Еще поворот коридора, и они оказались в небольшой комнате, где в витрине были выставлены работы немецкого ученого XVII века Афанасия Кирхера, а с потолка свисал прикрепленный к колесу колокол, издававший при вращении жутковатый звон. В рамках висели черно-белые рисунки работы Кирхера, изображавшие такие несхожие между собой объекты, как цветок подсолнуха почему-то с пробкой посередине, Великая Китайская стена и Вавилонская башня.
— Это был последний ученый-энциклопедист, — отозвался Фишер о Кирхере. — Он первым расшифровал египетские иероглифы. Изобрел мегафон. Обнаружил червей в крови жертв чумы.
Фишер прикоснулся к своему козырьку.
— И это тоже. Вы, например, знали, что именно он первым предложил людям надевать маски, чтобы уберечься от болезней?
Фишер покачал головой:
— Конечно же, нет. В наше время одержимости узкой специализацией каждый занимает все более и более маленькую нишу, и никому не под силу взглянуть на мир во всем его разнообразии. Какой позор! Откуда сегодня взяться истинному гению, если у него неизбежно остается так мало пищи для ума?
— Похоже, только гению под силу ответить на ваш вопрос, мистер Фишер, — осторожно сказала Чель.
Он только горестно улыбнулся и повел ее дальше все более темными коридорами. Наконец они добрались до самых задворков музея — в единственный ярко освещенный зал, где стояли экспонаты в разной степени готовности. Но Фишер жестом пригласил Чель пройти в еще одну узкую дверь, ведущую в самую последнюю комнату музея.
— На тебя сегодня большой спрос, — сказал Фишер, когда они очутились внутри.
Чель удивилась, обнаружив, что Виктор не один. В квадратном помещении мастерской рядом с ним стоял другой белый мужчина, который был гораздо выше его ростом. В мастерской повсюду валялись разного рода инструменты, стояли стеклянные панели, незавершенные полки и витрины, сколоченные, но еще не покрашенные подставки.

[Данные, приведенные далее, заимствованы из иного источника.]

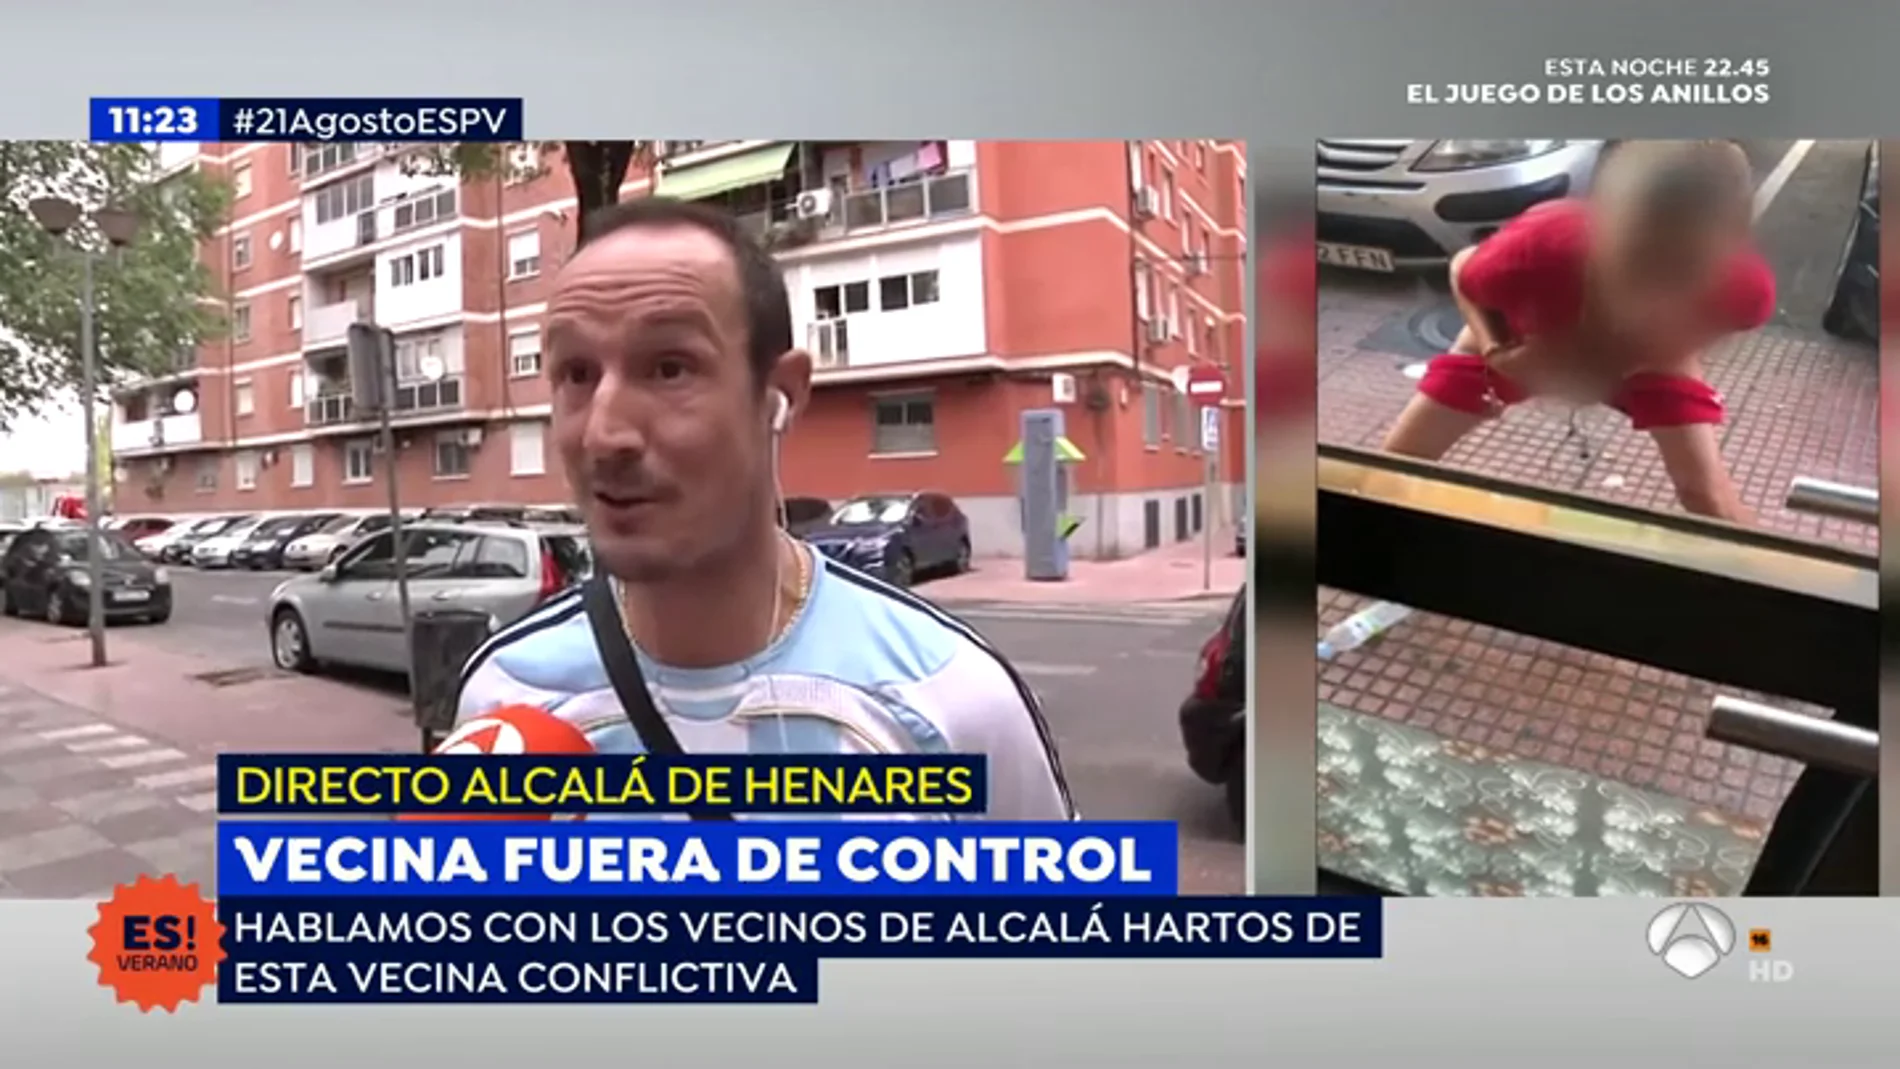 Los vecinos de Alcalá de Henares hablan sobre la vecina fuera de control

— Вот так сюрприз! — воскликнул Виктор, перешагивая через нагромождение досок на полу. — Неужели ко мне явилась моя любимая туземка? Не считая ее матушки, разумеется.
Пока бывший учитель приближался, Чель успела рассмотреть его. Когда-то он считался очень красивым мужчиной, и даже под козырьком был заметен яркий блеск его голубых глаз, взгляд которых ничуть не помутнел и в 75 лет. На нем была красная рубашка поло с короткими рукавами, заправленная в защитного цвета брюки, — своего рода униформа, которую он носил еще во времена работы в университете. Но вот свою седую бороду он теперь начисто сбрил.
— Привет, — сказала Чель.
— Спасибо, Эндрю. — Виктор взглянул на своего управляющего, который, не вымолвив больше ни слова, тут же удалился.
В глазах Виктора читалось плохо скрытое волнение, когда он снова посмотрел на гостью. Она тоже ощутила его и знала, что так будет всегда.